> Problem description
The required output is the stretch from the line containing "záhrada vidiecka, farebná" through the line containing "安価な女優影響Miss Mirage プレップ 120ml 未硬化ジェルの拭き取り" in the records below, unaltered and with no pictures.

> Materials provided

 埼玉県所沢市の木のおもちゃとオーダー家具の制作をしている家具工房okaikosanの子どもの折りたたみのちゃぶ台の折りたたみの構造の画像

---

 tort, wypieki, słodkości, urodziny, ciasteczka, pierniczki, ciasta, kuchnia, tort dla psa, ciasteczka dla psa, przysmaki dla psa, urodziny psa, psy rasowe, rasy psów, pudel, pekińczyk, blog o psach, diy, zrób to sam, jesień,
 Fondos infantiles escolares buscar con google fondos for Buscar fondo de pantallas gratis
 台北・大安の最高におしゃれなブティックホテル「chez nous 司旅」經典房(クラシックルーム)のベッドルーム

==

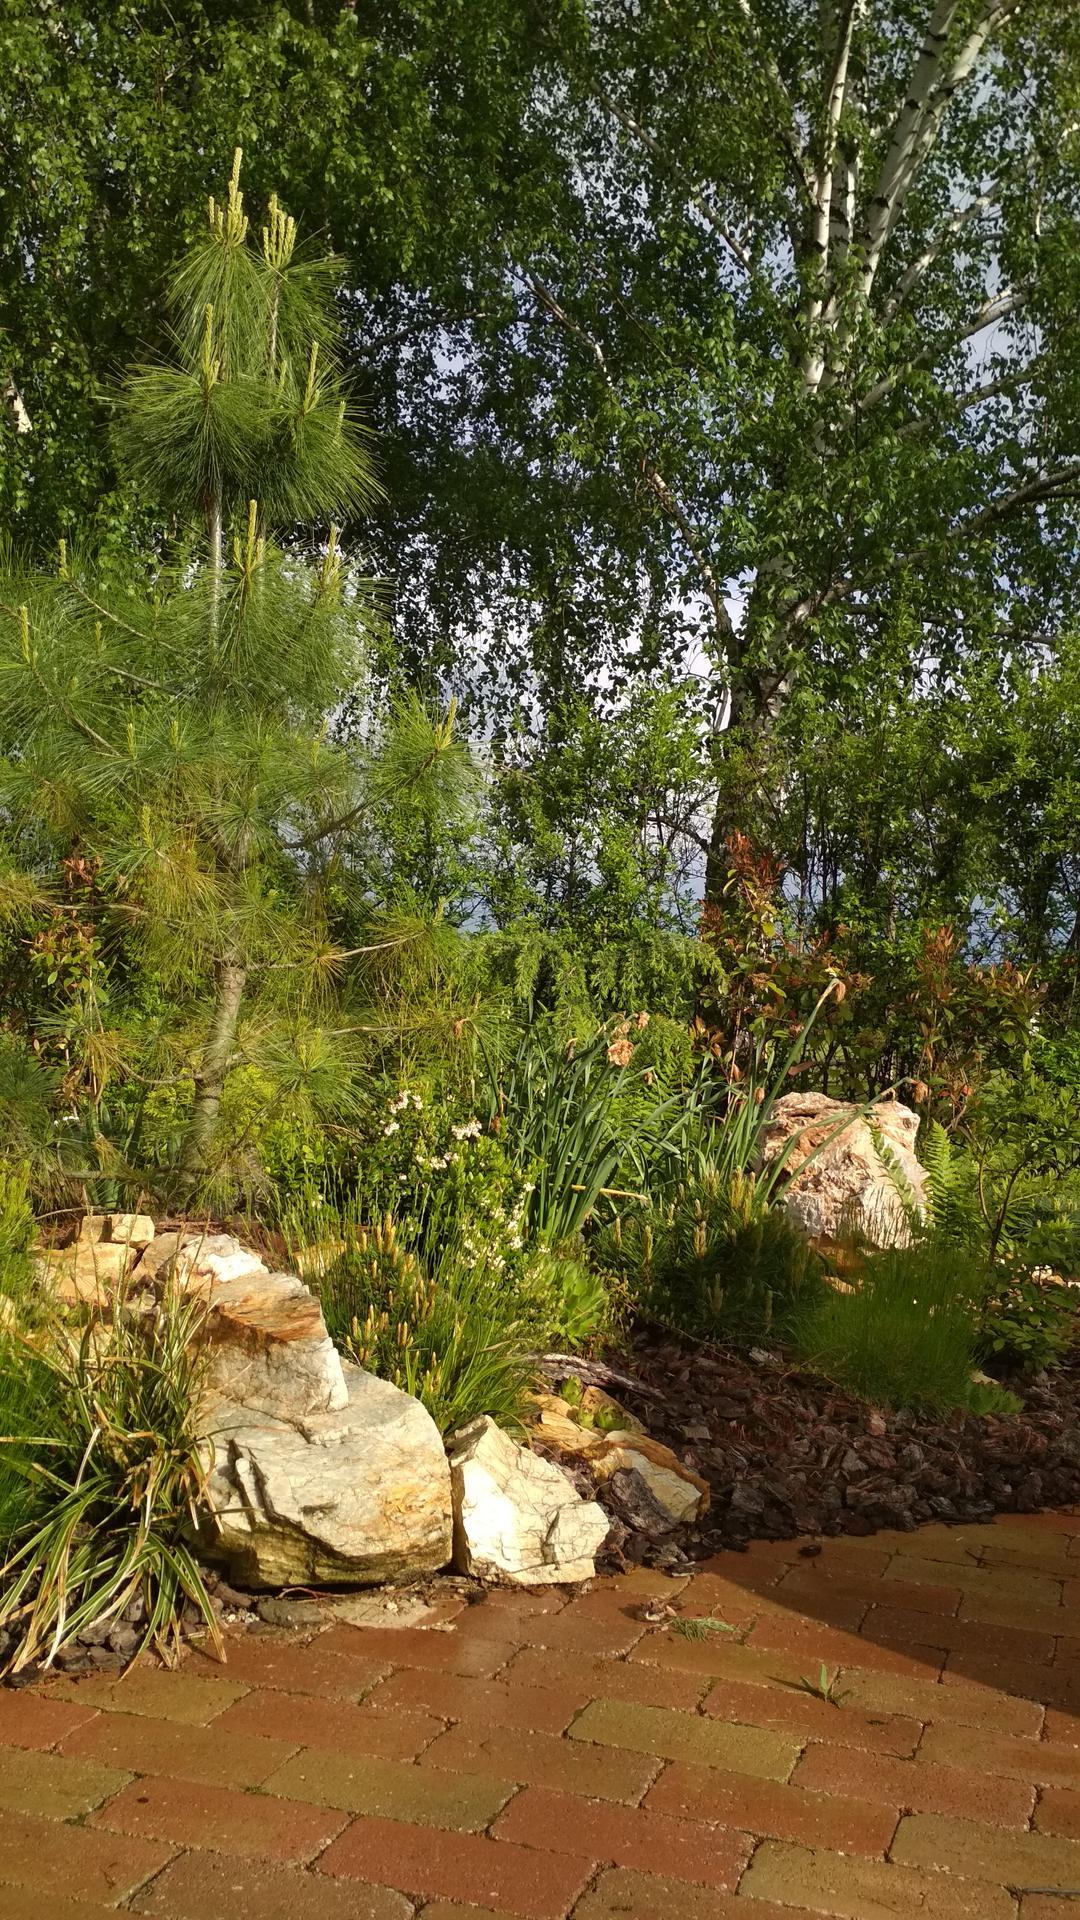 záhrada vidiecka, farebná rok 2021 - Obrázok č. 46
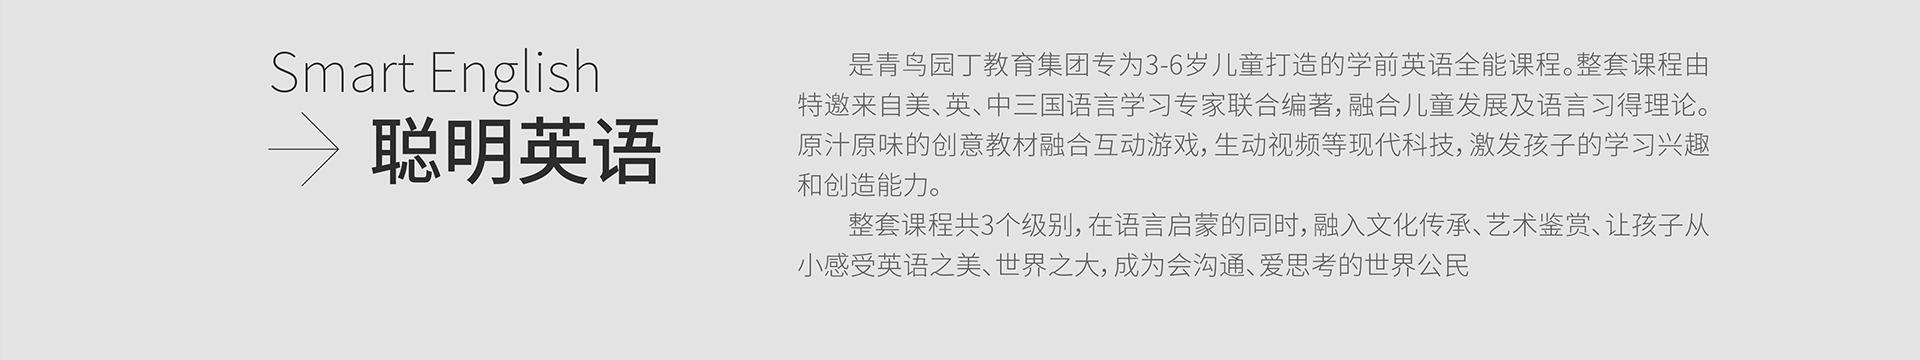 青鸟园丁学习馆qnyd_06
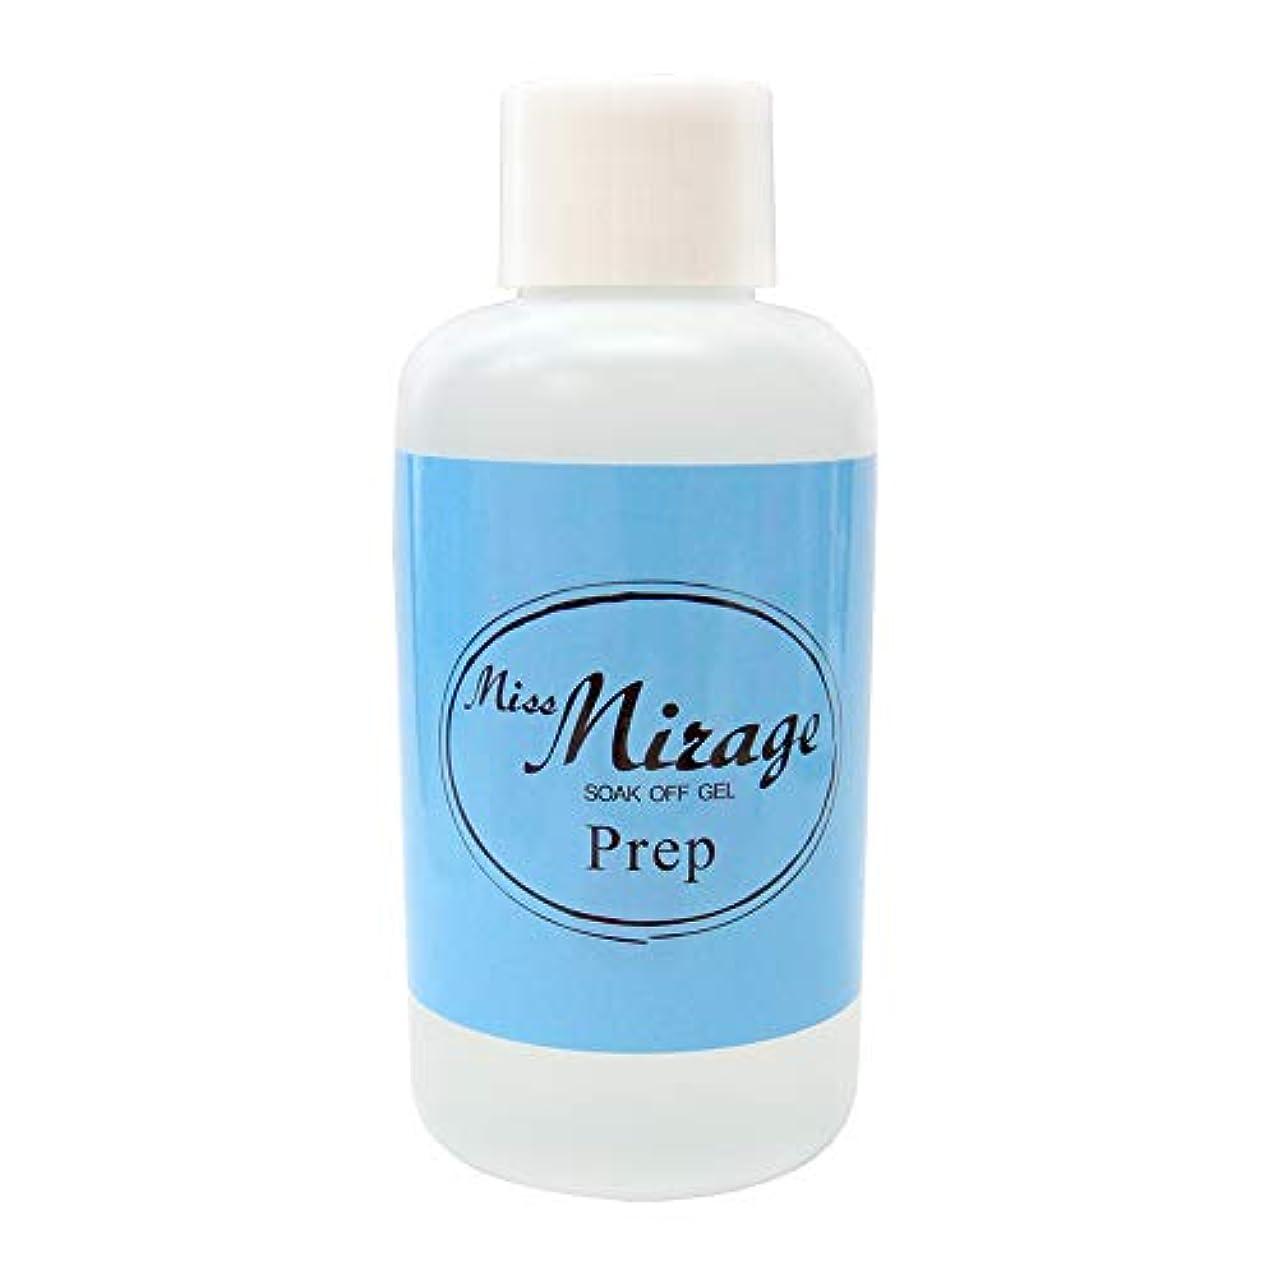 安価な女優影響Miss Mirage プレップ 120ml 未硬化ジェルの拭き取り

> The completed task
 záhrada vidiecka, farebná rok 2021 - Obrázok č. 46
 青鸟园丁学习馆qnyd_06
 安価な女優影響Miss Mirage プレップ 120ml 未硬化ジェルの拭き取り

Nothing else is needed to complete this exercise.